* EXERCISE *
Without changing a word, copy every line of the listing below and leave out the images.

* RECORDED INFORMATION *
======

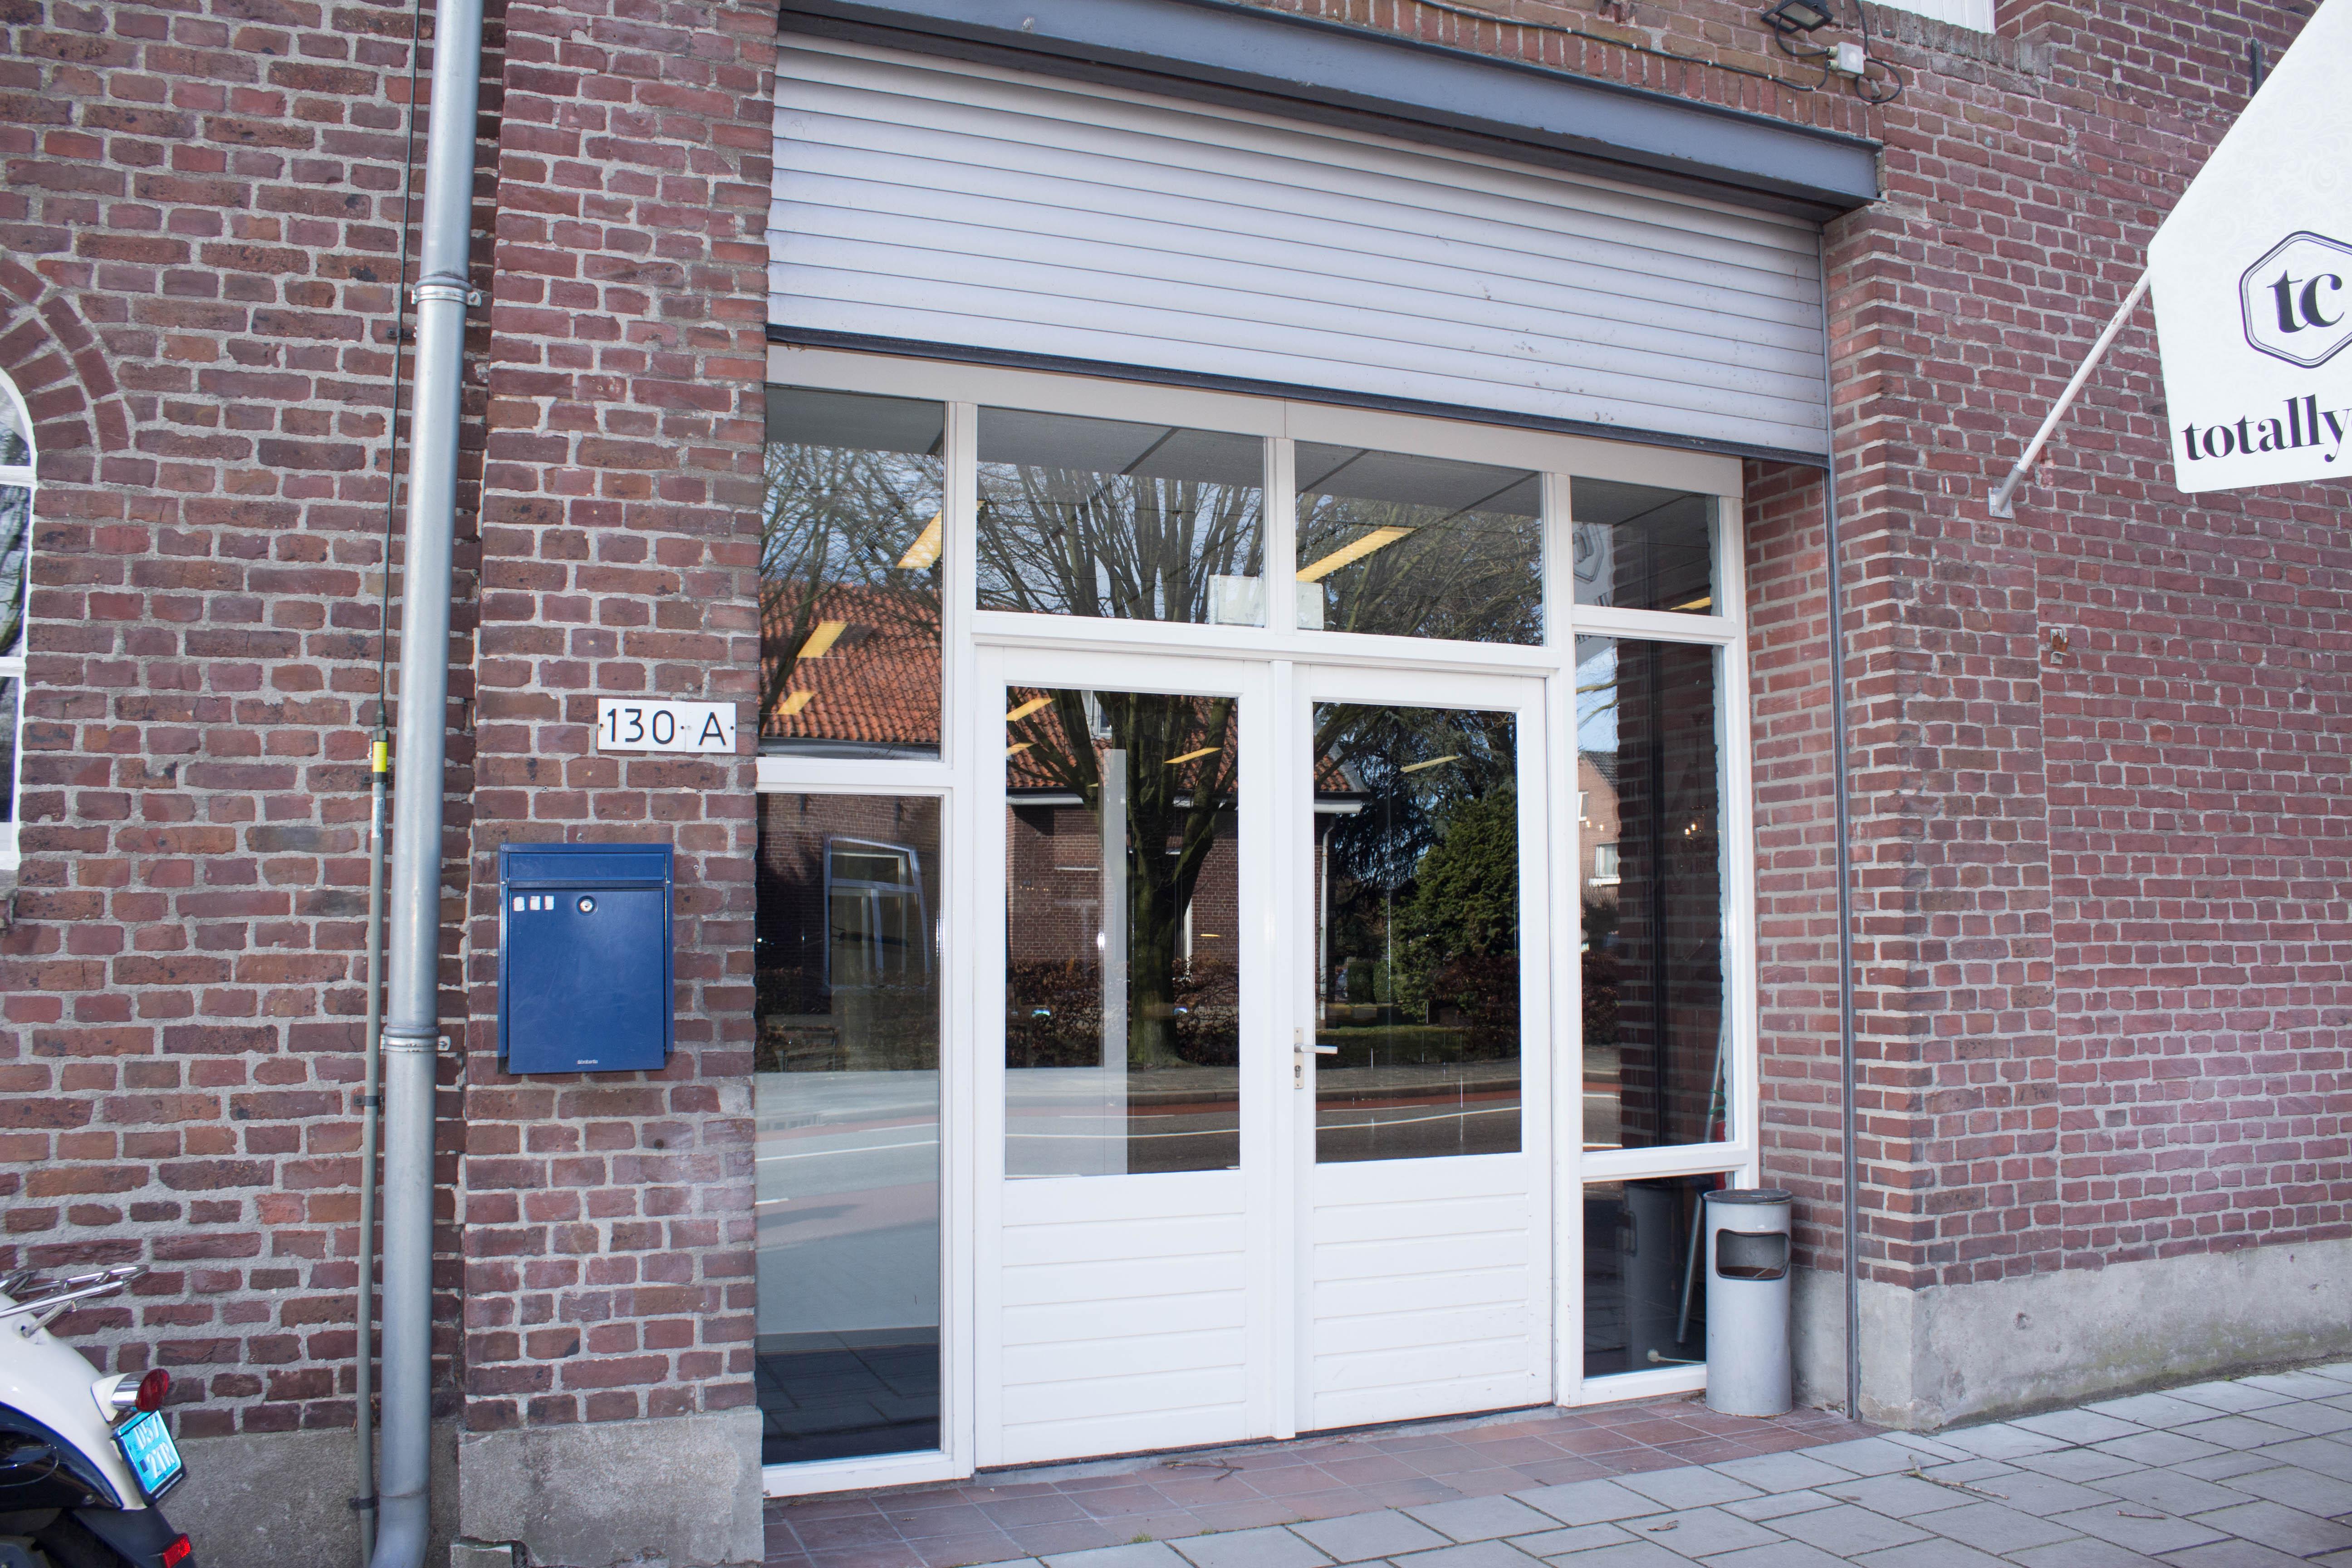 2. Stationsweg 130a
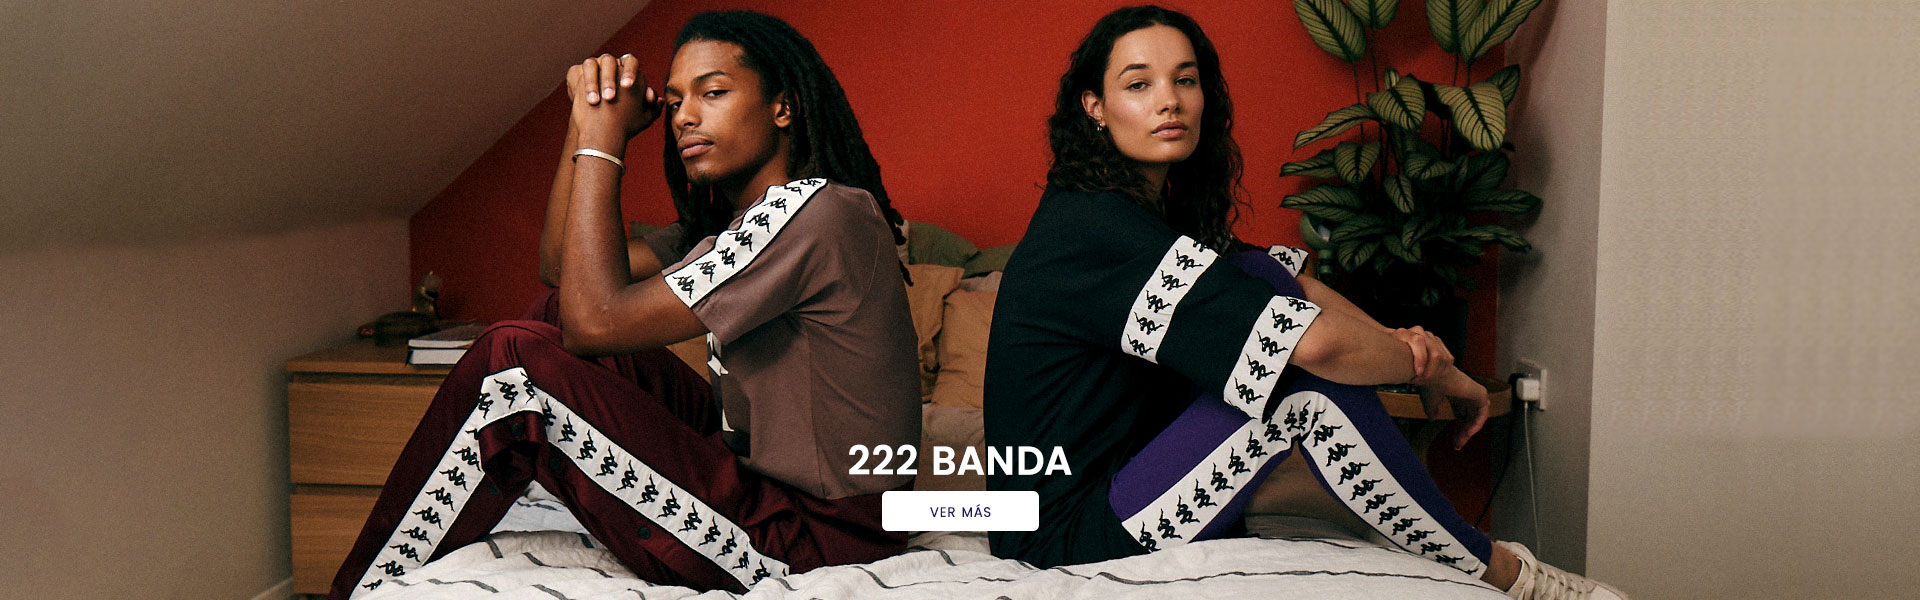 Kappa 222 Banda
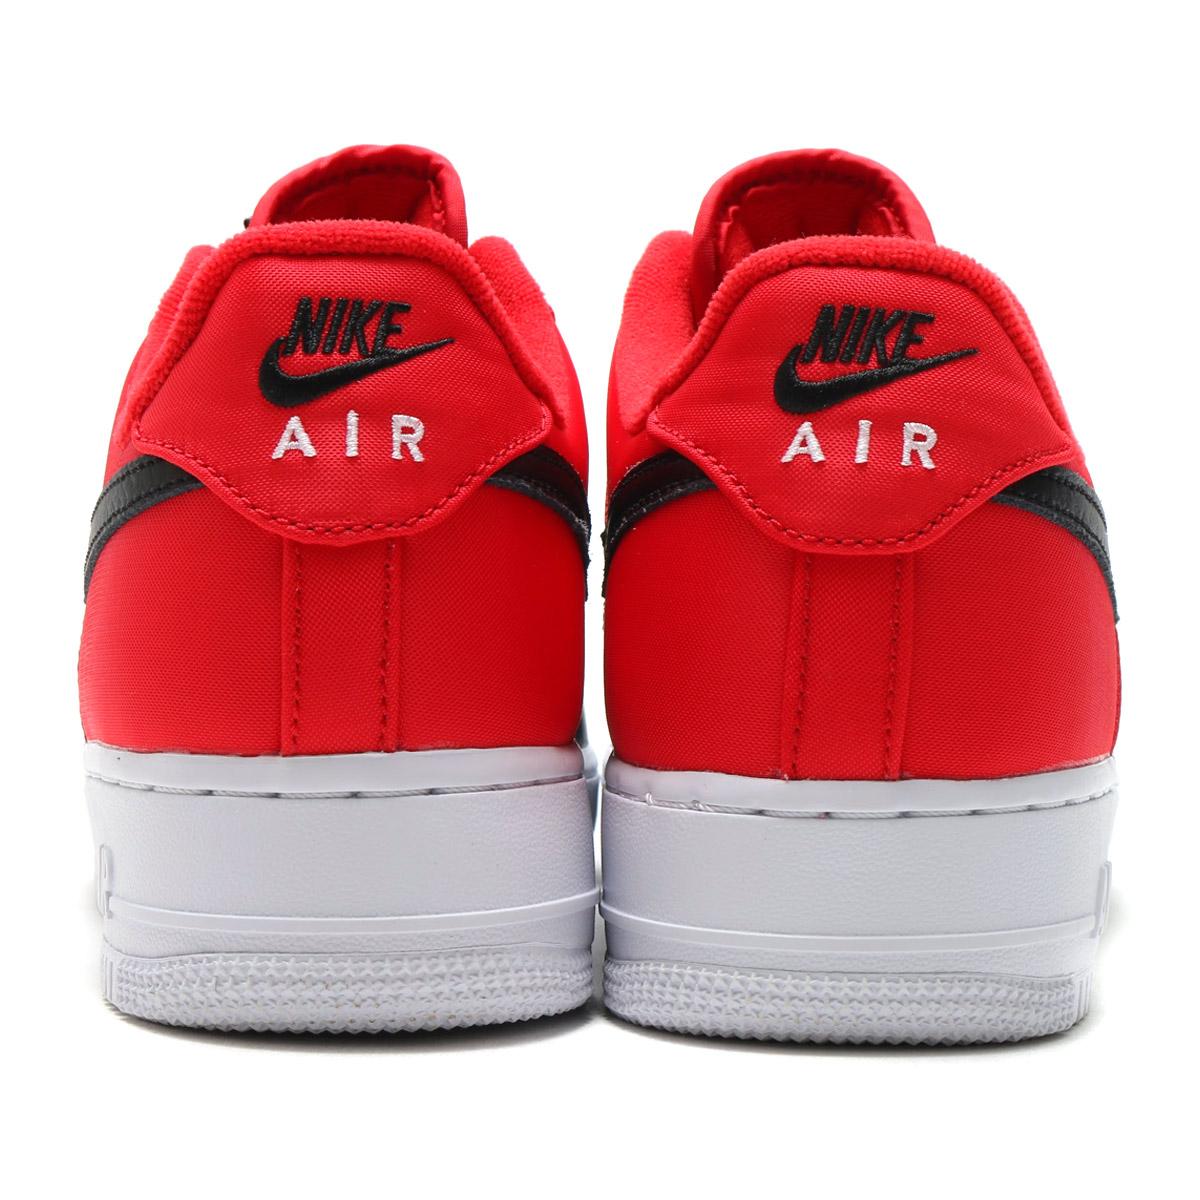 NIKE AIR FORCE 1 '07 LV8 (나이키 에어포스 1 07 LV8) (UNIVERSITY RED/BLACK-WHITE-PURE PLATINUM) 17 FA-I

======

* EXERCISE RESPONSE *
 2. Stationsweg 130a
 Kappa 222 Banda
 NIKE AIR FORCE 1 '07 LV8 (나이키 에어포스 1 07 LV8) (UNIVERSITY RED/BLACK-WHITE-PURE PLATINUM) 17 FA-I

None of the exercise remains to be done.